For Svitlana Hlyanko, 41, the barrage that destroyed her house began with deafening explosions.
She huddled in a corner of a room with her three children, she said, and when it was over, she walked out to find gaping craters in a field a dozen yards away. She and the children were unharmed, but the shells had sprayed the house with shrapnel and shattered all the windows, rendering it uninhabitable.
In the town of Vovchansk about 90 miles from Slavhorod and a mile or two from the Russian border, shells whistle in nearly every day. Of a prewar population of 17,000, about 4,000 remain.
“Russia fires randomly into the town but aims precisely at infrastructure,” such as the central heating plant and electrical substations, said the mayor, Tamaz Hambarashvily.

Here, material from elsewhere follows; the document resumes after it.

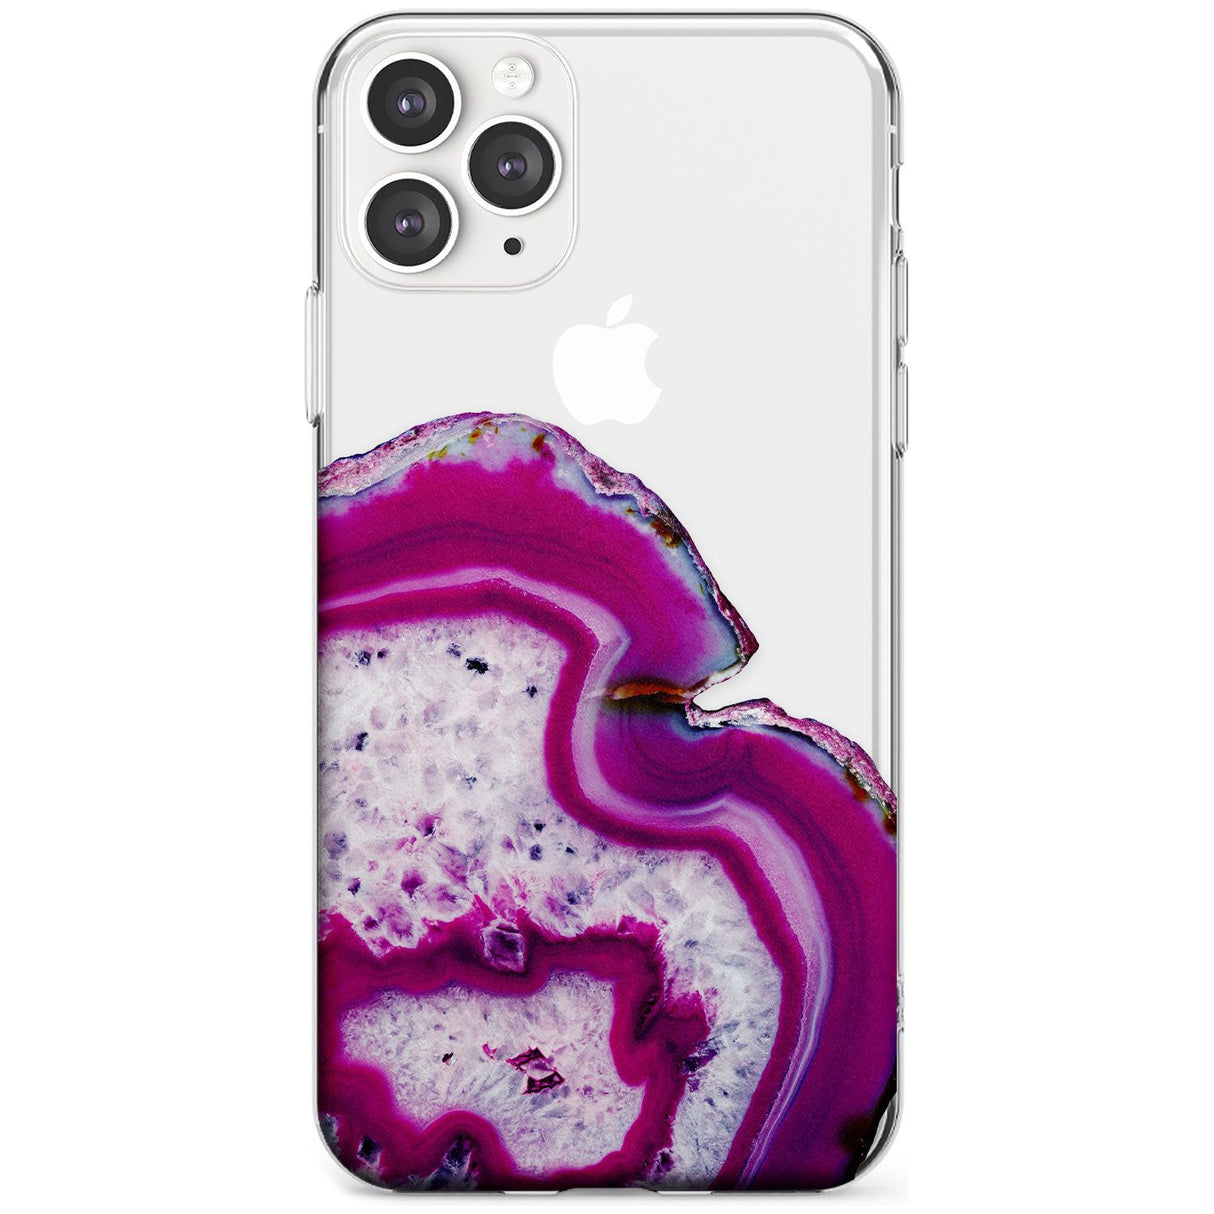 Violet & White Swirl Agate Crystal Clear Design Slim TPU Phone Case for iPhone 11 Pro Max

Left without electricity or heat from the shelling, residents get by with wood stoves and kerosene lamps.
“I wish they would not shell the power lines,” said Nadia, a 73-year-old retiree, who asked that only her first name be used for safety, lest Russia reoccupy her town. “When we have electricity, we are alive. With no electricity, we will freeze like field mice.”
Olha Kostashenko, 47, lives with her husband in Vovchansk, spending much of her time underground for safety, showing the toll of the shelling on people living along the border.
“I organized a little room for myself in the basement and mainly stay here and cry each time there is a shelling,” she said. “Here in the basement, I have candles, a power bank, a flashlight, a little electric heater and I knit socks, just to do something and not go mad.”